* INFORMATION GIVEN *
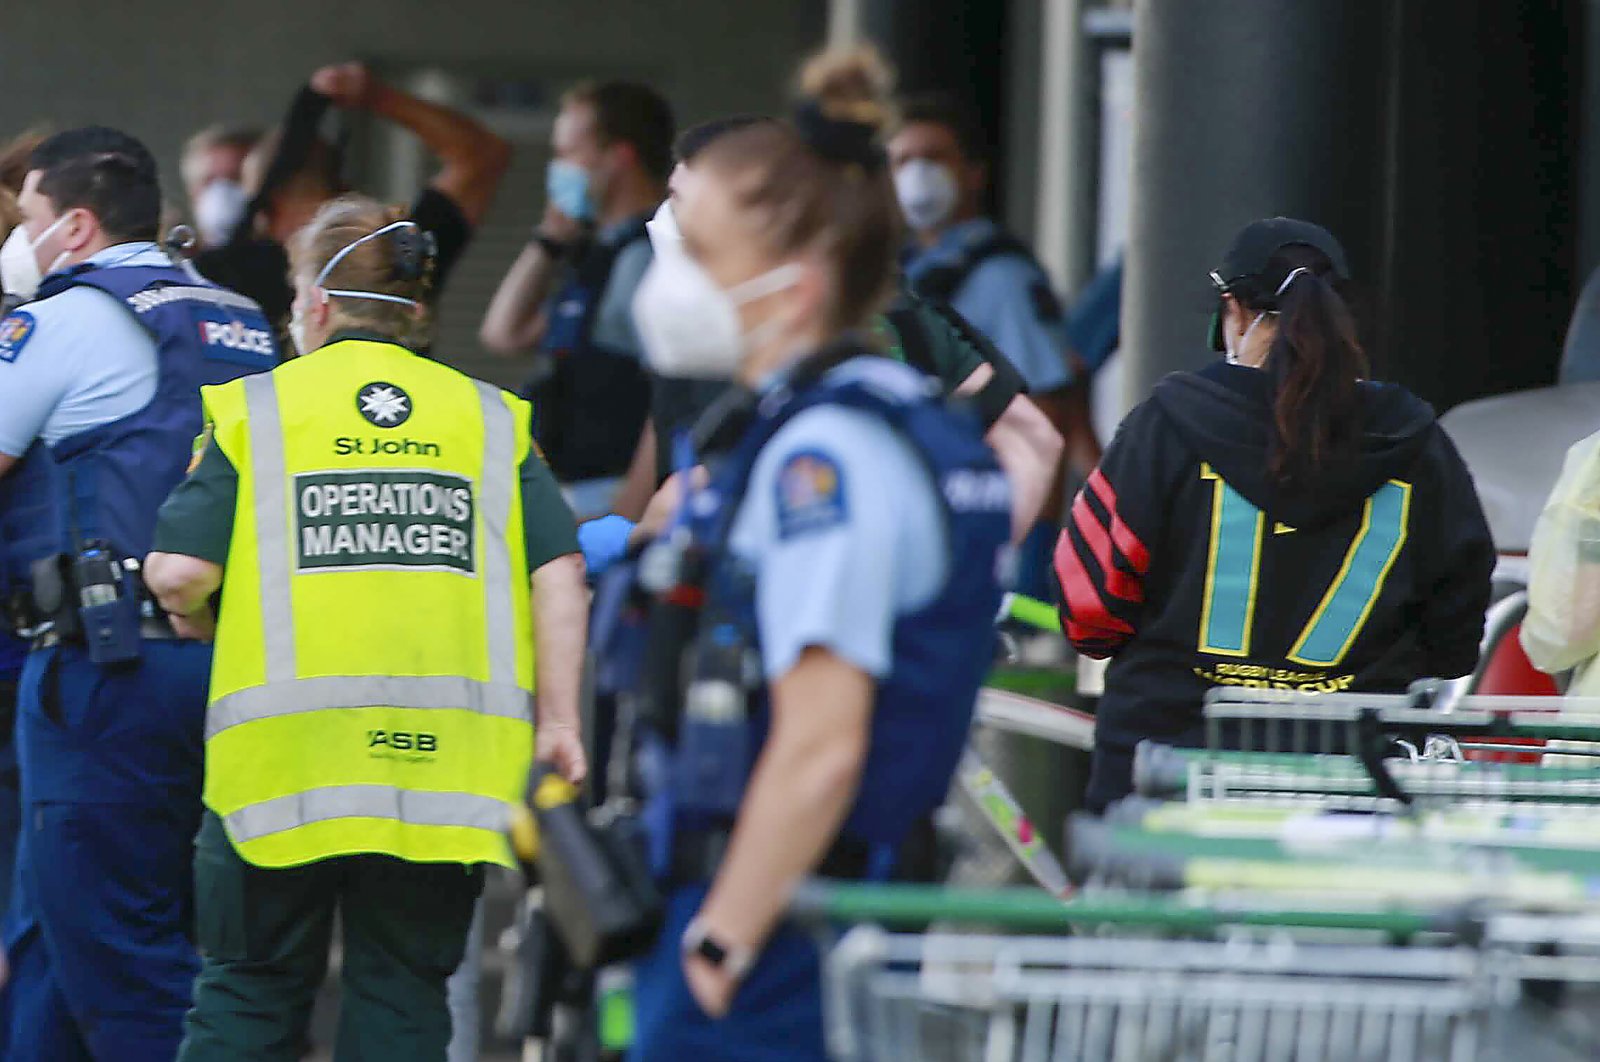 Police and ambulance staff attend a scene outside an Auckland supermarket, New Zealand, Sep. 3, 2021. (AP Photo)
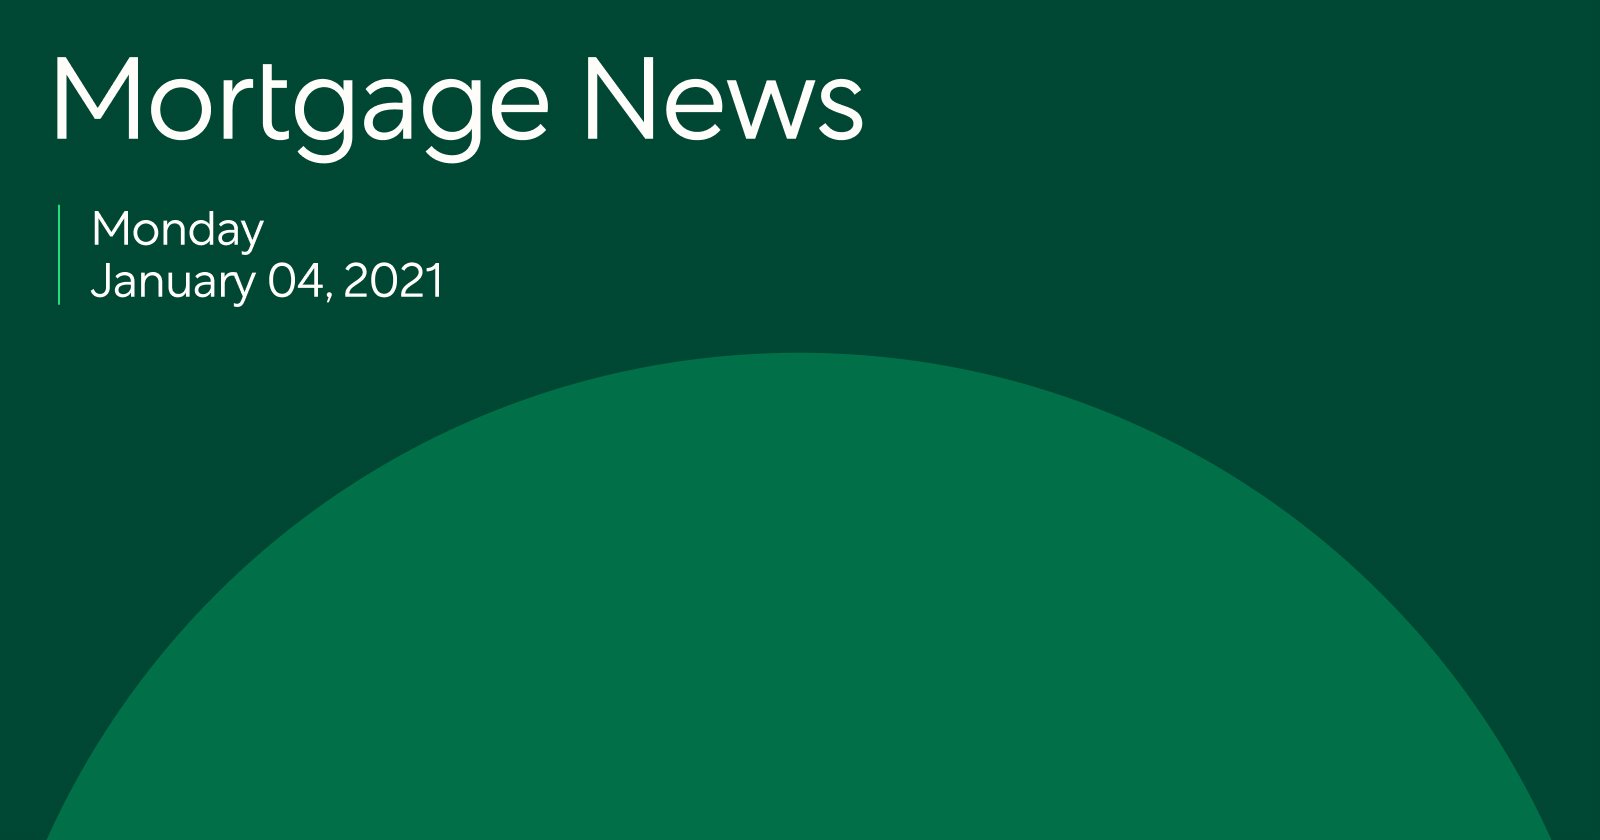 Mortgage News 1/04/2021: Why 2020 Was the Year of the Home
--
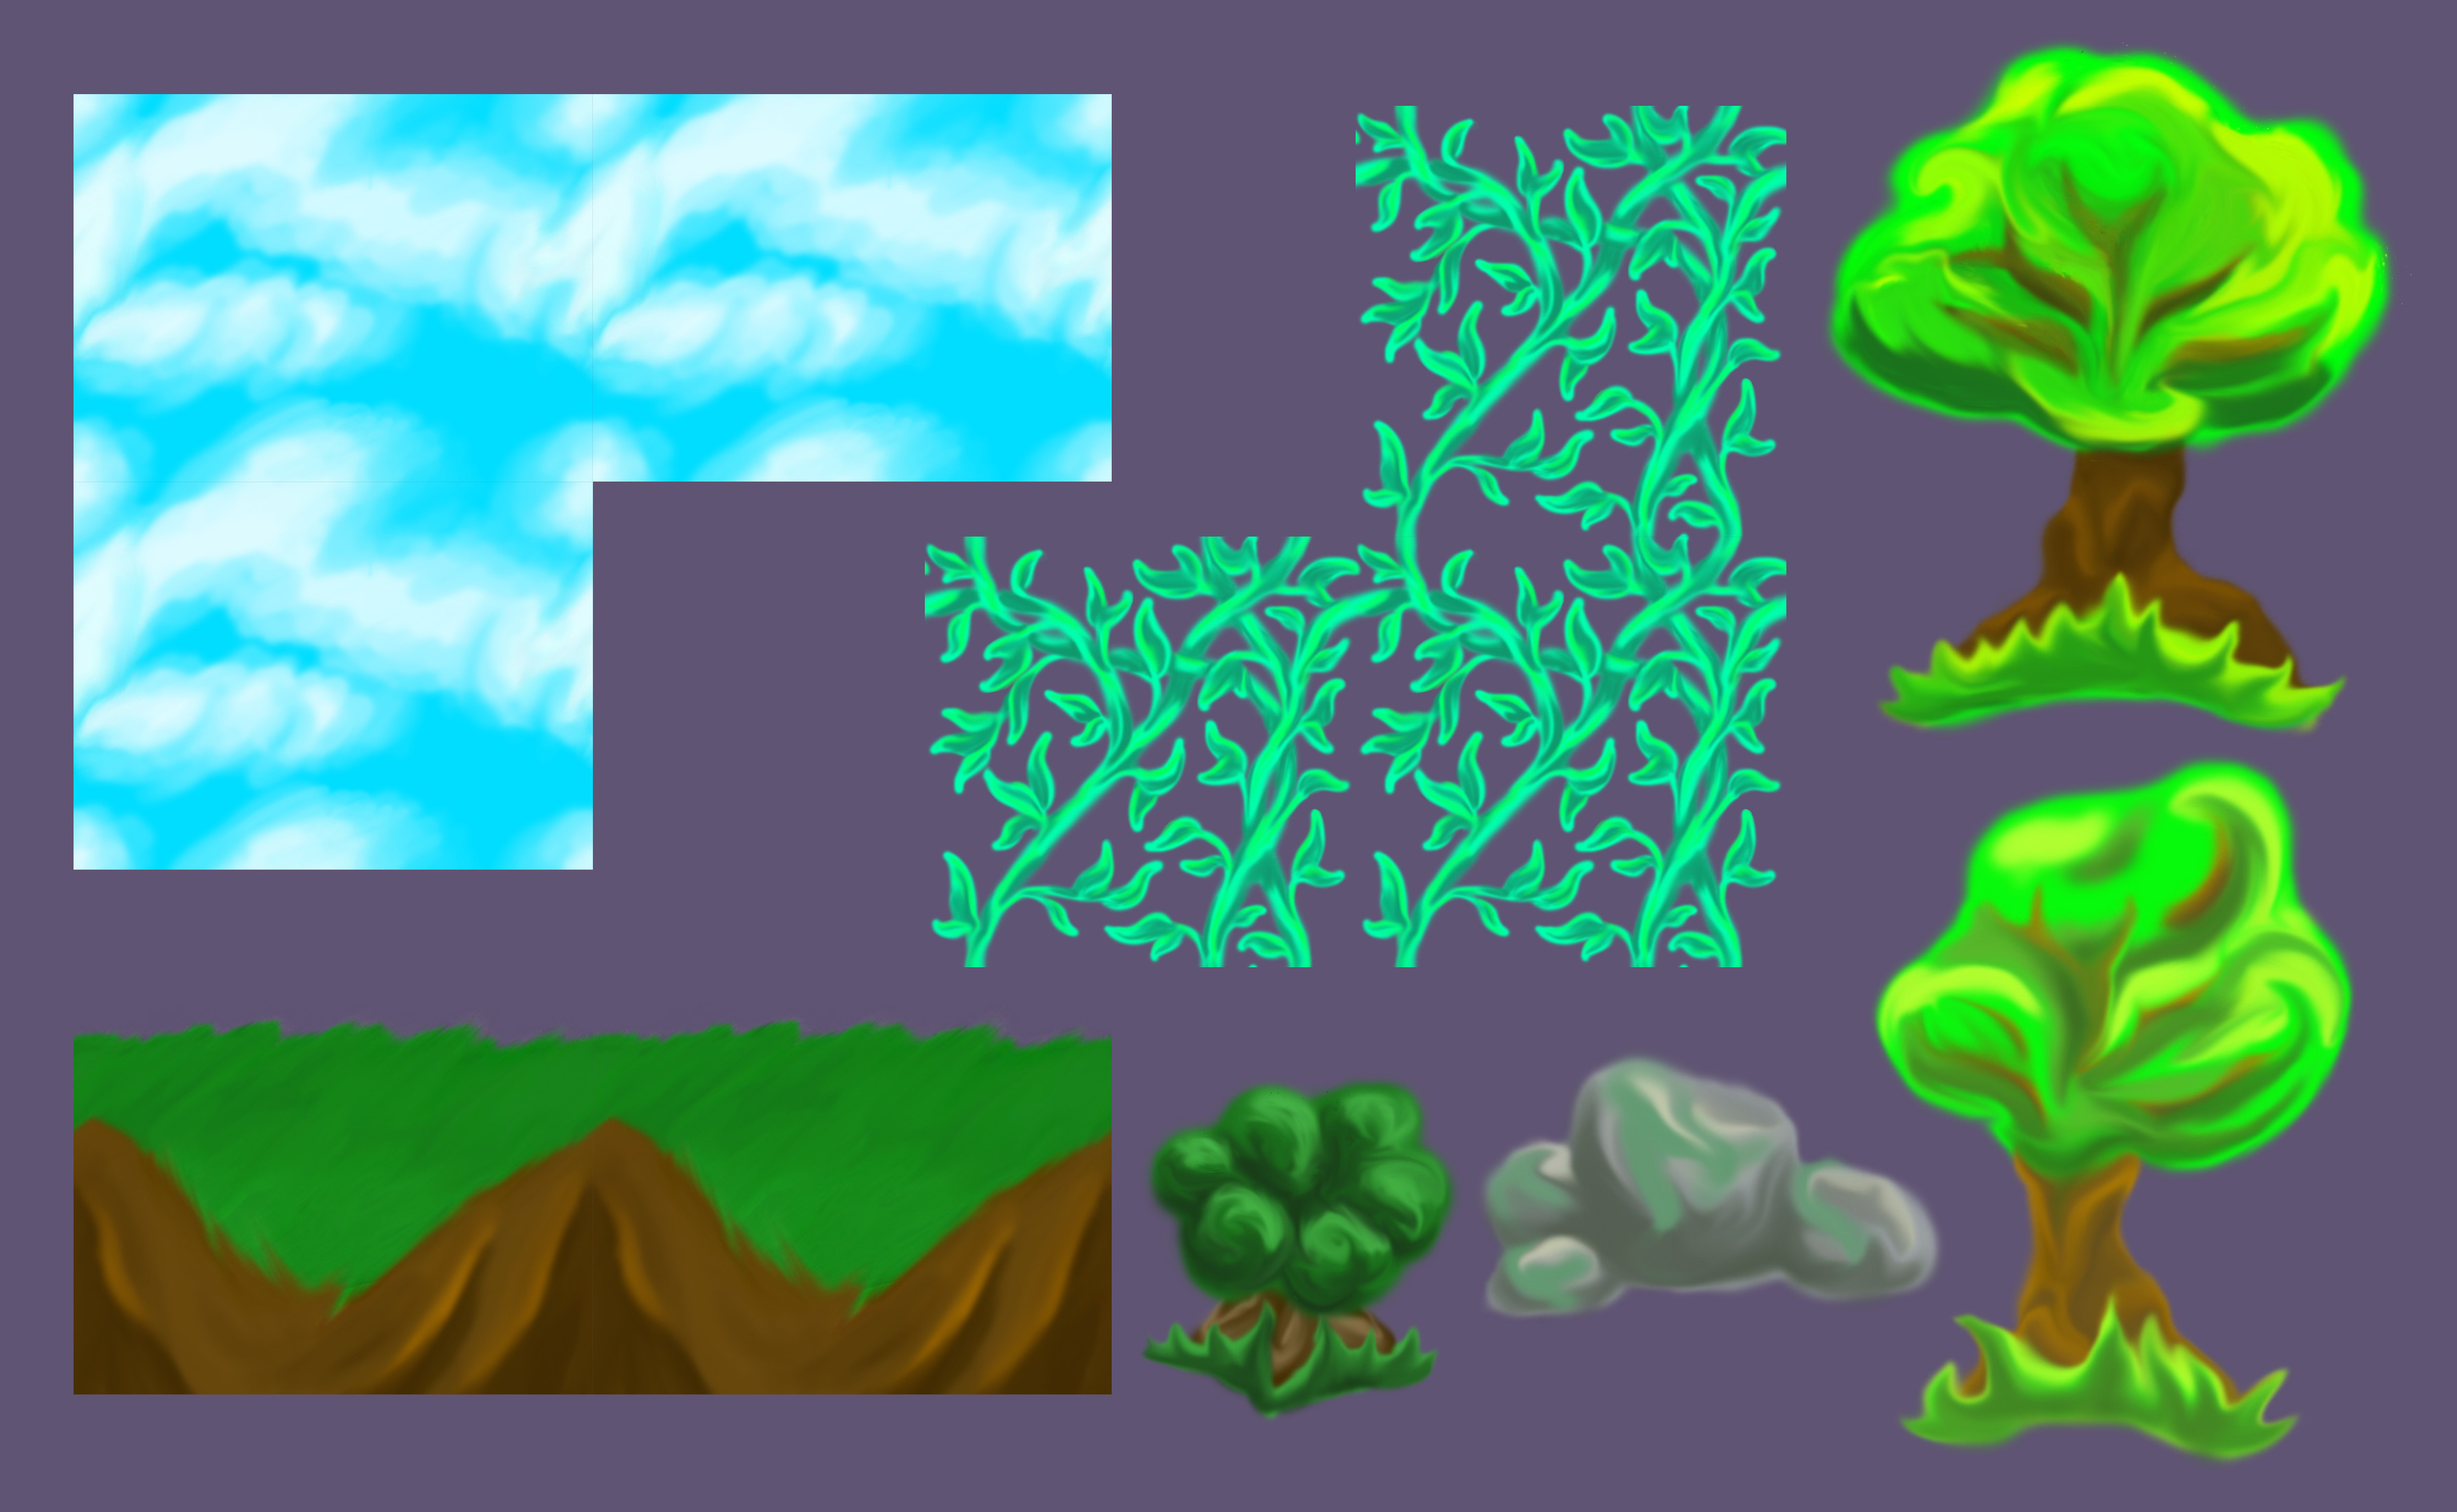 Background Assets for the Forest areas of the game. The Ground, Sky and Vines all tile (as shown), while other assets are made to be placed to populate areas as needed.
* * *
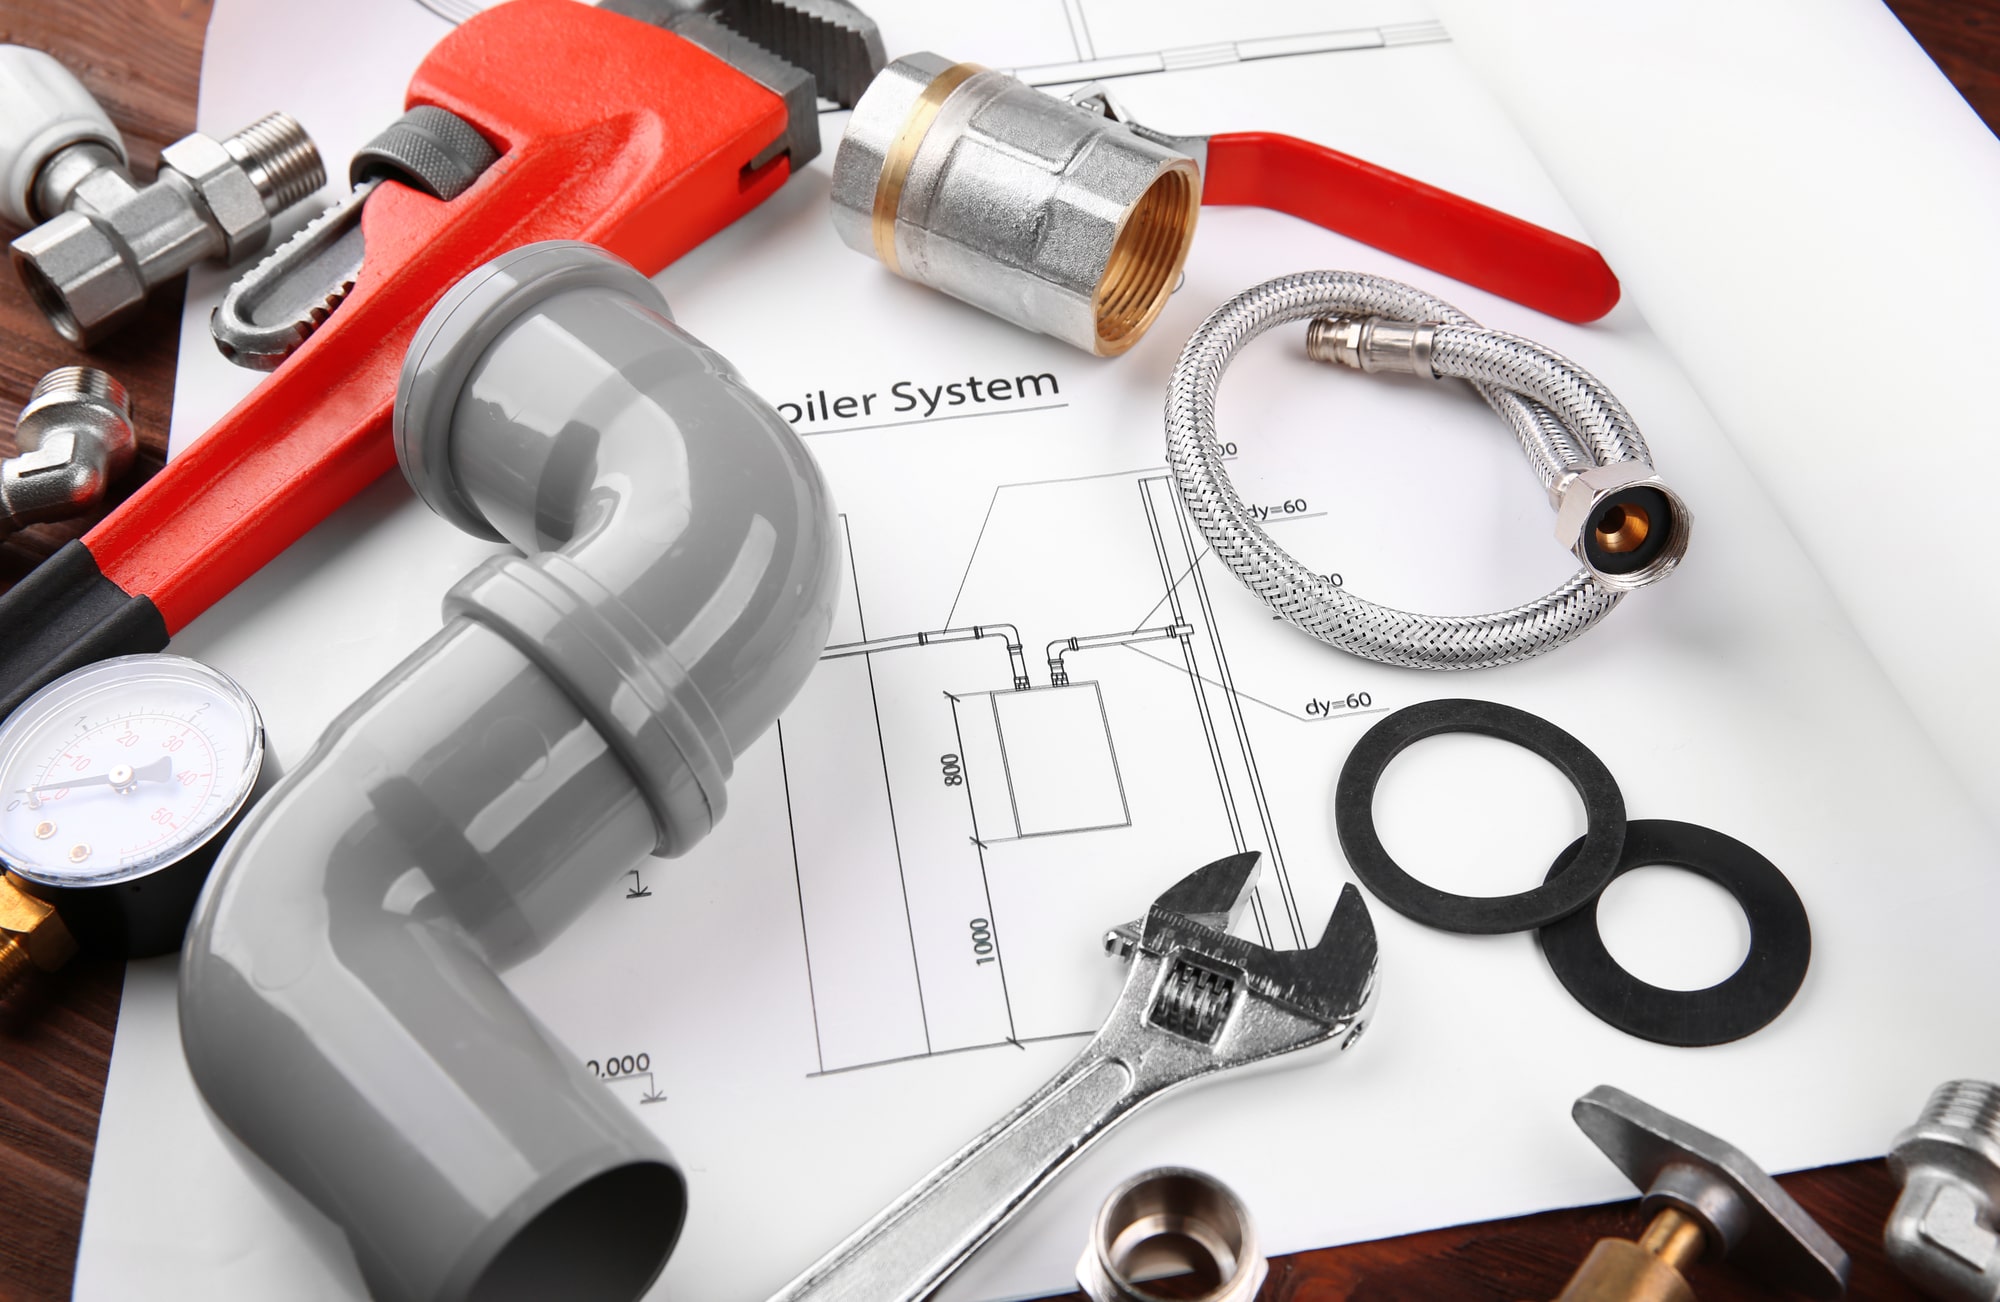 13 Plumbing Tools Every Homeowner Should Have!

* YOUR INSTRUCTIONS *
Skipping the pictures, print the lines in the listing above exactly as written, starting at the line with "Police and ambulance" and ending at the line with "Mortgage News 1/04/2021: Why", both included.

* YOUR RESPONSE *
 Police and ambulance staff attend a scene outside an Auckland supermarket, New Zealand, Sep. 3, 2021. (AP Photo)
 Mortgage News 1/04/2021: Why 2020 Was the Year of the Home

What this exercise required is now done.